The copy should begin at the line containing "A beautiful Tiffany" and end at the last line of the material. Please reproduce those lines exactly and keep pictures out.

#### [GIVEN INFORMATION]
++++++++++++++++++++

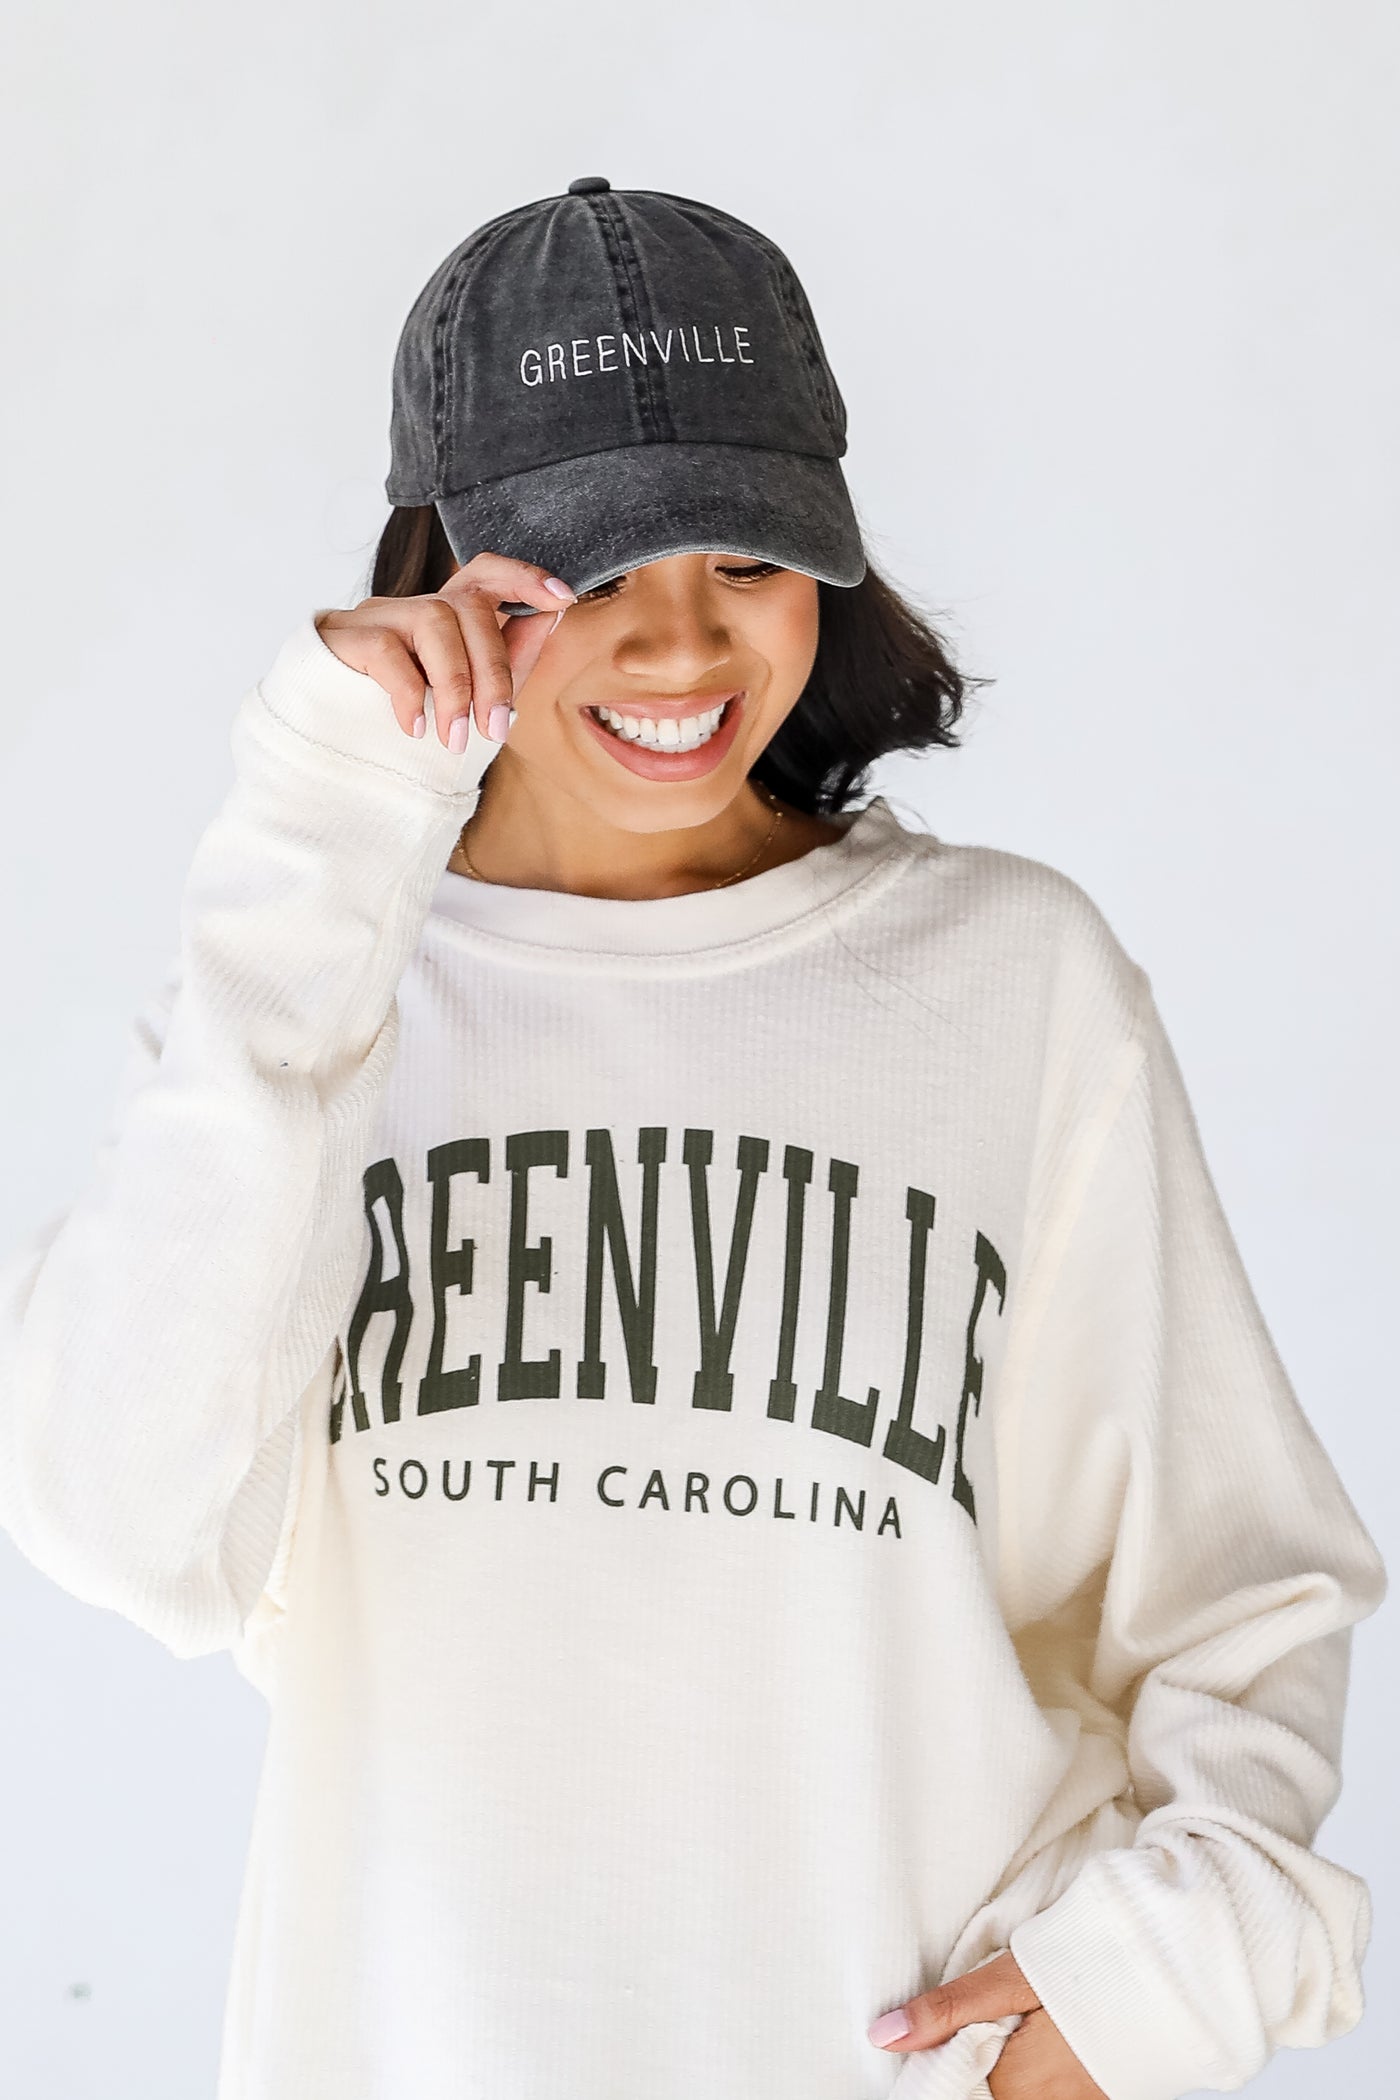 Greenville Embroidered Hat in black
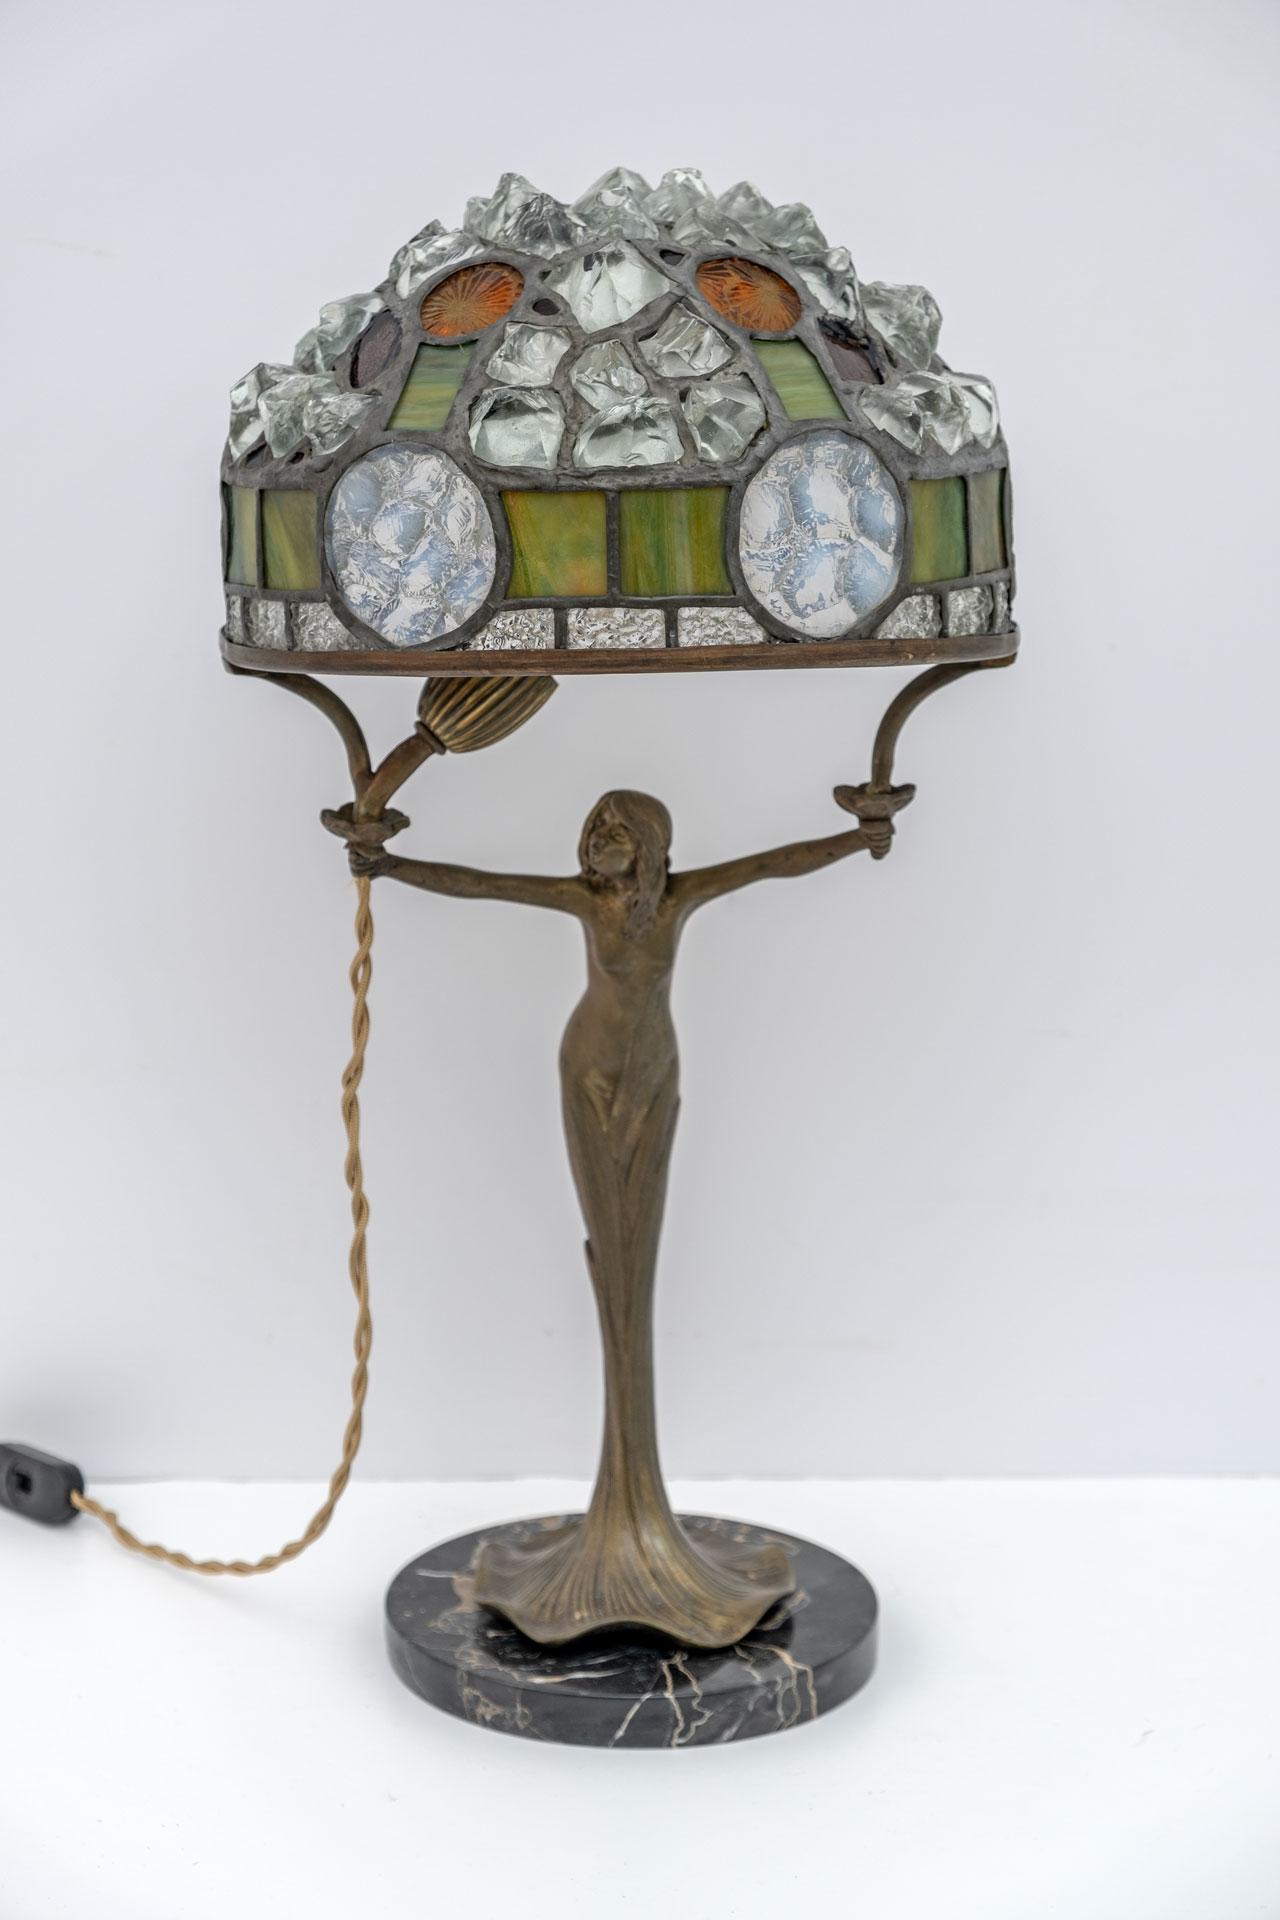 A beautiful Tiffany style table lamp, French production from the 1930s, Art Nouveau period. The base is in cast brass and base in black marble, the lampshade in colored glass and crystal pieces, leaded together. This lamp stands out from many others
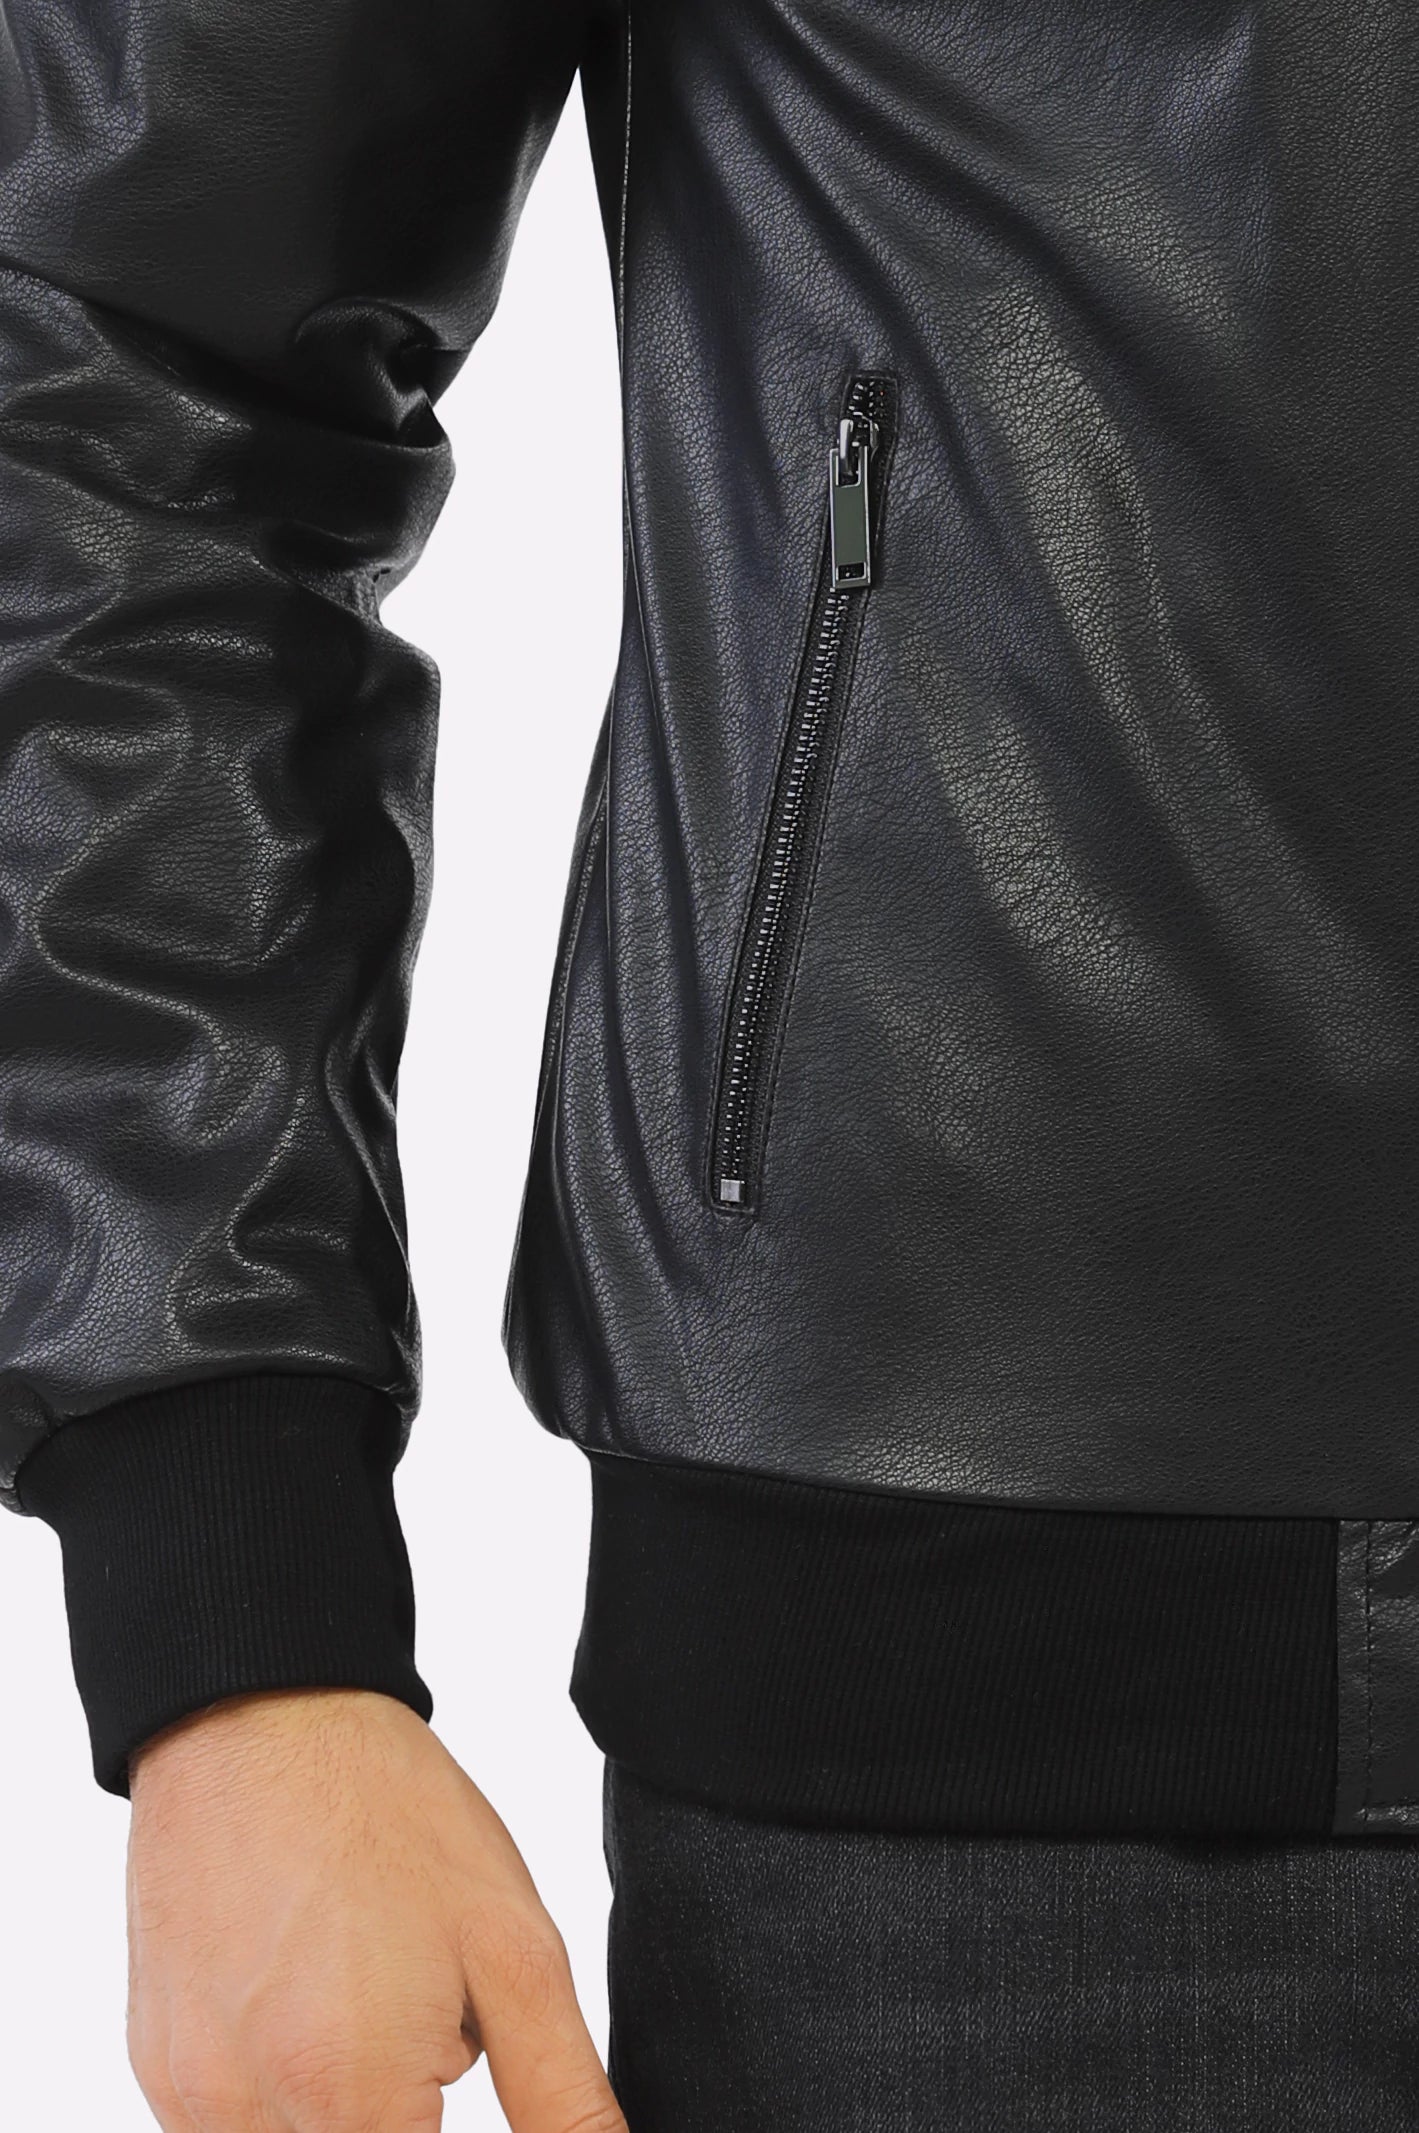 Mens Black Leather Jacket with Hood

++++++++++++++++++++

#### [ANSWER SECTION]
 A beautiful Tiffany style table lamp, French production from the 1930s, Art Nouveau period. The base is in cast brass and base in black marble, the lampshade in colored glass and crystal pieces, leaded together. This lamp stands out from many others
 Mens Black Leather Jacket with Hood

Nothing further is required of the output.